1. Use theory to check IDs if they are numeric

One way the id variable can become corrupted is if it is not stored properly or if it is read improperly. This can happen to both string and numeric variables, but right now, we are going to emphasize the numeric case.

Say the identification variable is Social Security number, an example of which is 888-88-8888. Social Security numbers are invariably stored in computers as 888888888, which is to say that they are run together and look a lot like the number 888,888,888. Sometimes they are even stored numerically. Say you have a raw data file containing perfectly valid Social Security numbers recorded in just this manner. Say you read the number as a float. Then 888888888 becomes 888888896, and so does every Social Security number between 888888865 and 888888927, some 63 in total. If Bob has Social Security number 888888869 and Mary has 888888921, and Bob appears in dataset one and Mary in dataset two, then Bob and Mary will be combined because they share the same rounded Social Security number.

Always be suspicious of numeric ID variables stored numerically, not just those stored as floats.

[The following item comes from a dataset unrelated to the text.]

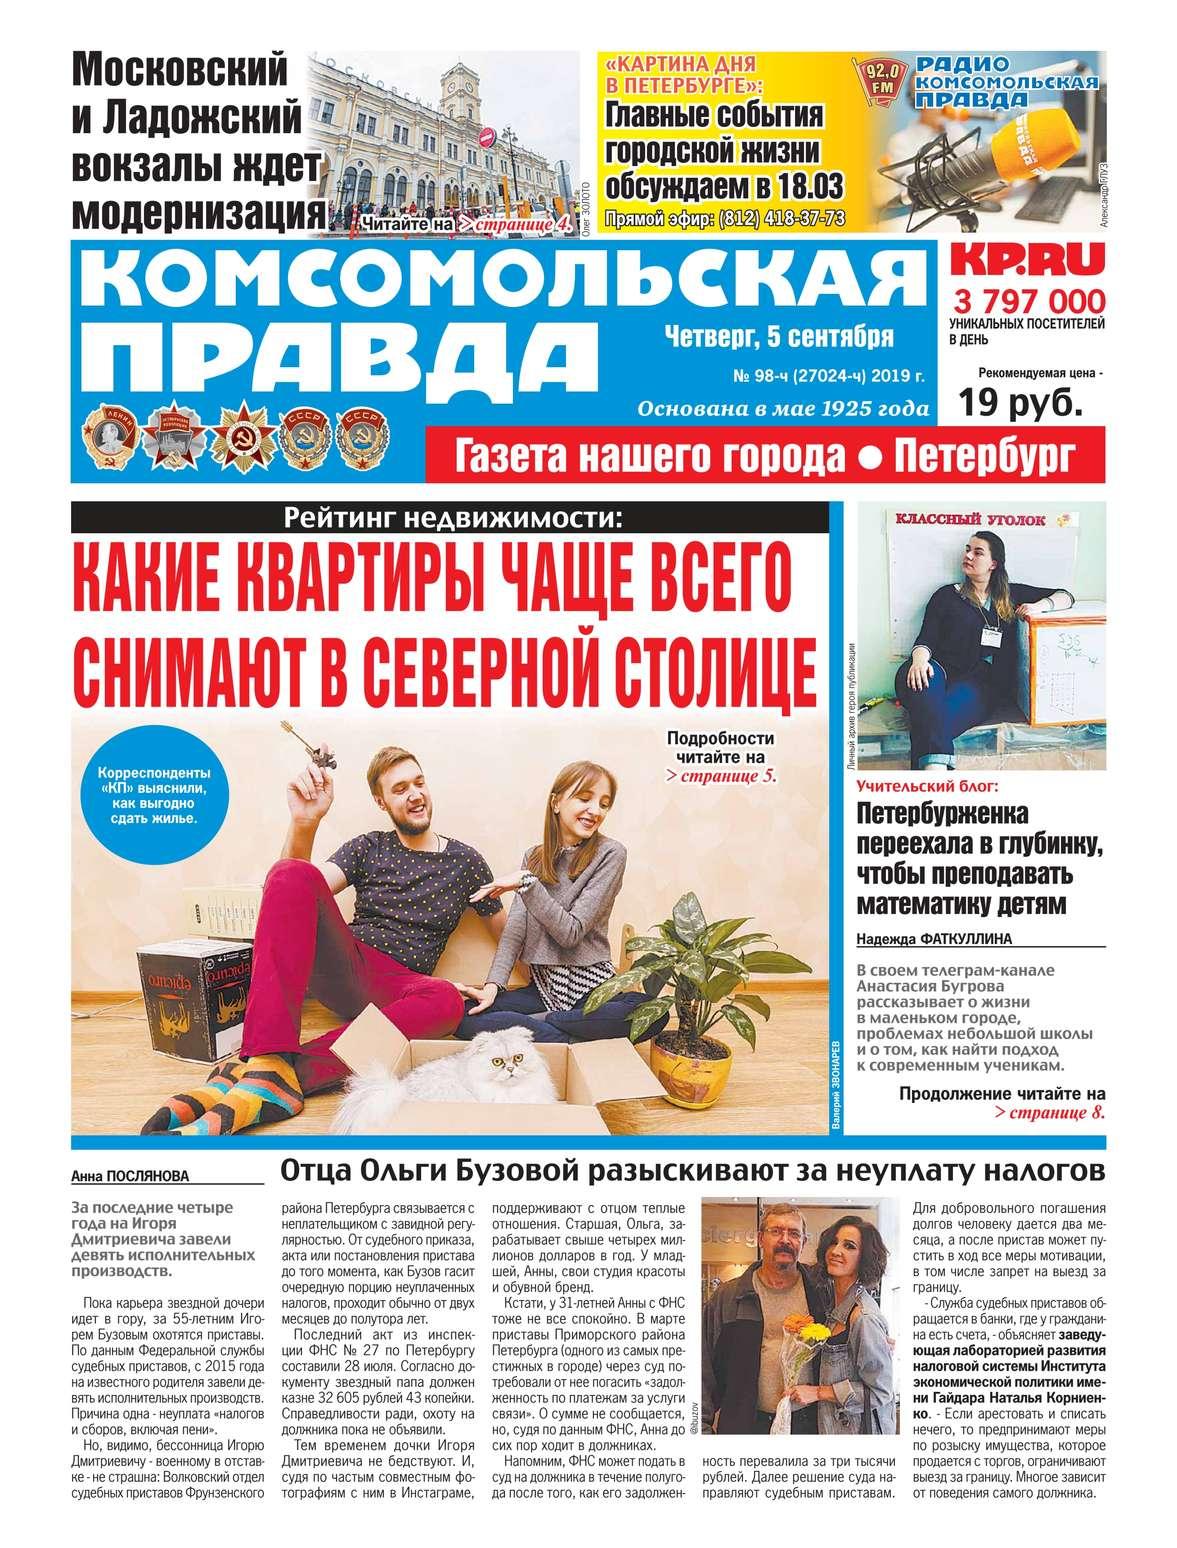 Редакция газеты Комсомольская Правда. Санкт-Петербург 98ч-2019

When I read raw data and store the ID variables as numeric, I worry whether I have specified a storage type sufficient to avoid rounding. When I obtain data from other sources that contain numeric ID variables, I assume that the other source improperly stored the values until proven otherwise.

Perhaps you remember that 16,775,215 is the largest integer that can be stored precisely as a float and 9,007,199,254,740,991 is the largest that can be stored precisely as a double. I never do.

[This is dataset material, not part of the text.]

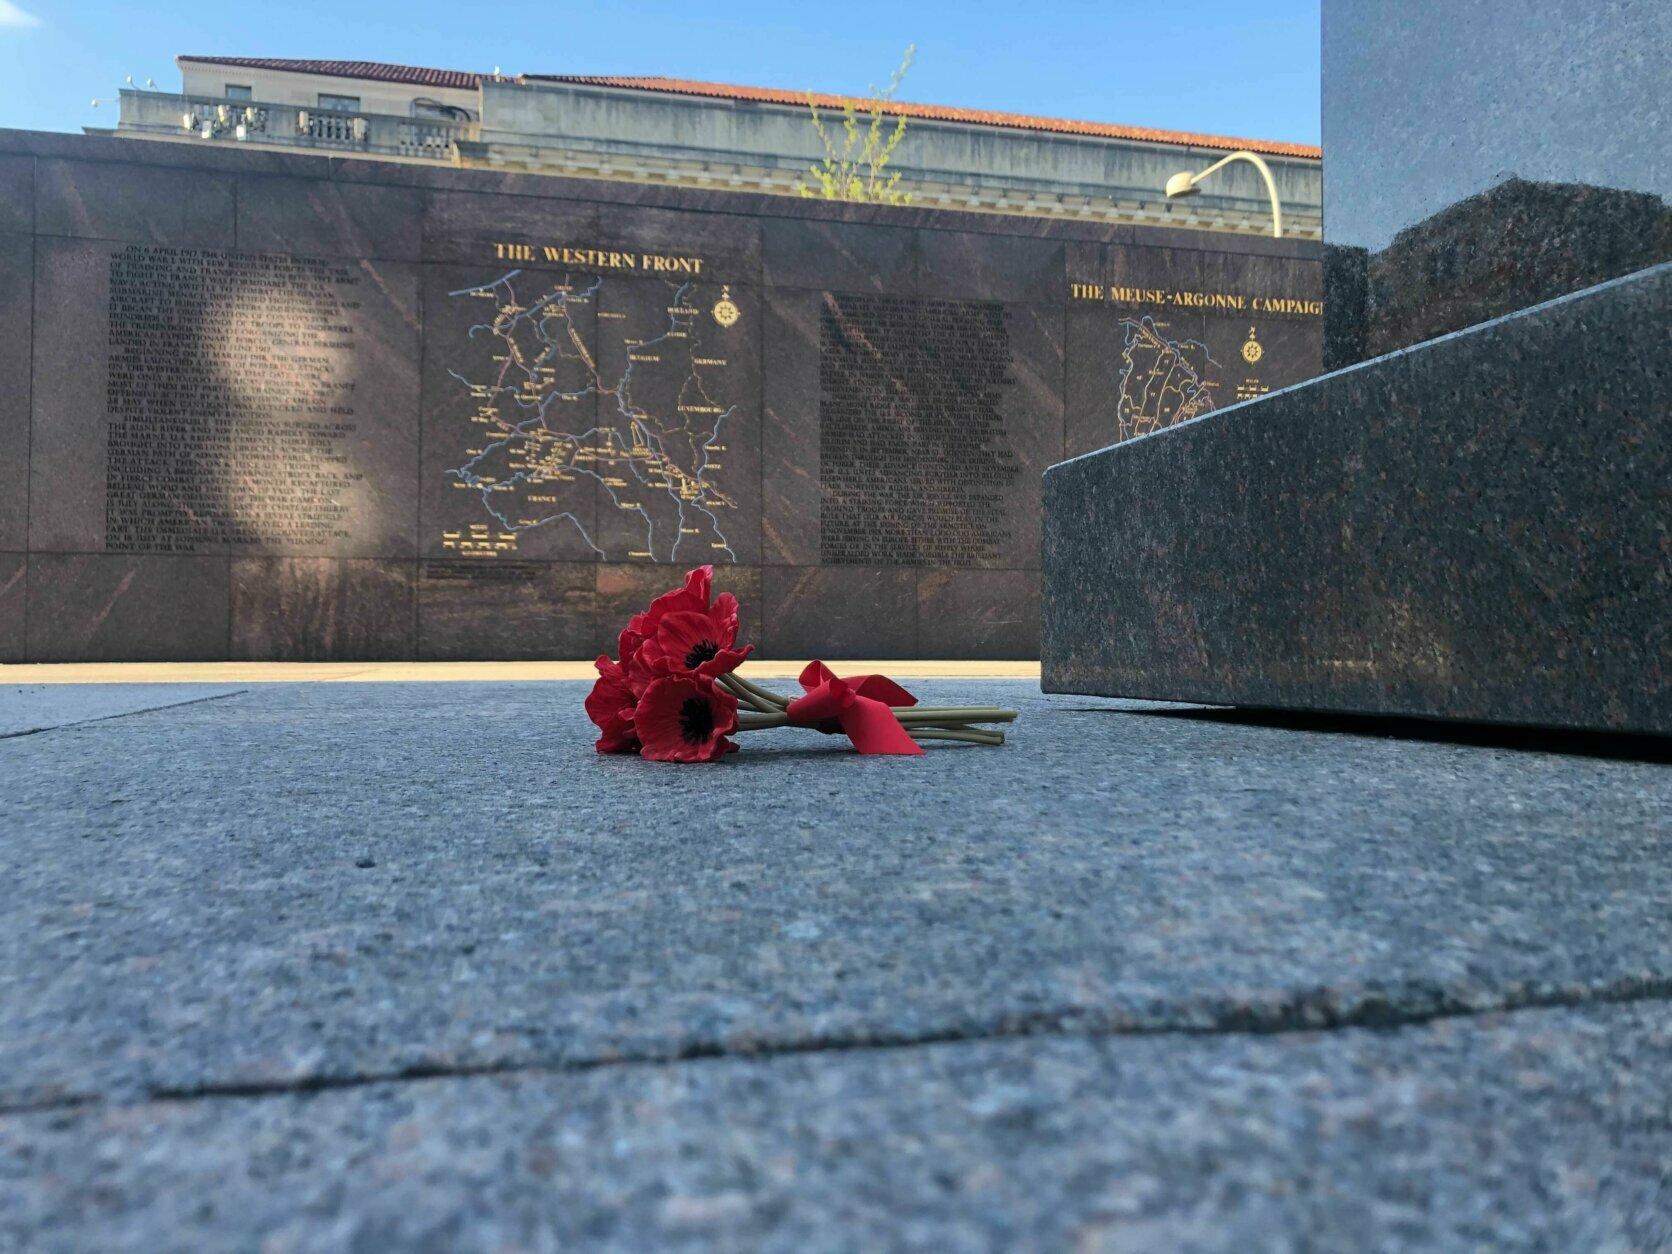 Flower at memorial

Instead, I ask Stata to show me the largest theoretical ID number in hexadecimal. For Social Security numbers, the largest is 999-99-9999, so I type

. inbase 16 999999999
3b9ac9ff

Stata’s inbase command converts decimal numbers to different bases. I learn that 999999999 base-10 is 3b9ac9ff base-16, but I don’t care about the details; I just want to know the number of base-16 digits required. 3b9ac9ff has 8 digits. It takes 8 base-16 digits to record 999999999. As you learned in How to read the %21x format, part 2, I do remember that doubles can record 13 base-16 digits and floats can record 5.75 digits (the 0.75 part being because the last digit must be even). If I didn’t remember those numbers, I would just display a number in %21x format and count the digits to the right of the binary point. Anyway, Social Security numbers can be stored in doubles because 8<13, the number of digits double provides, but not in floats because 8 is not < 5.75, the number of digits float provides.

If Social Security numbers contained 12 digits rather than 9, the largest would be

. inbase 16 999999999999
38d4a50fff

which has 10 base-16 digits, and because 10<13, it would still fit into a double.

Anyway, if I discover that the storage type is insufficient to store the ID number, I know the ID numbers must be rounded.

2. Check uniqueness of IDs

I said that when I obtain data from other sources, I assume that the other source improperly stored the ID variables until proven otherwise. I should have said, until evidence accumulates to the contrary. Even if the storage type used is sufficient, I do not know what happened in previous processing of the data.

Here’s one way using datasets one.dta and two.dta to accumulate some of that evidence:

. use one, clear              // test 1
. sort id
. by id: assert _N==1

. use two, clear              // test 2
. sort id . by id: assert _N==1 

In these tests, I am verifying that the IDs really are unique in the two datasets that I have. Tests 1 and 2 are unnecessary when I plan later to merge 1:1 because the 1:1 part will cause Stata itself to check that the IDs are unique. Nevertheless, I run the tests. I do this because the datasets I merge are often subsets of the original data, and I want to use all the evidence I have to invalidate the claim that the ID variables really are unique.Sometimes I receive datasets where it takes two variables to make sure I am calling a unique ID. Perhaps I receive data on persons over time, along with the claim that the ID variable is name. The documentation also notes that variable date records when the observation was made. Thus, to uniquely identify each of the observations requires both name and date, and I type

. sort name date
. by name date: assert _N==1

I am not suspicious of only datasets I receive. I run this same test on datasets I create.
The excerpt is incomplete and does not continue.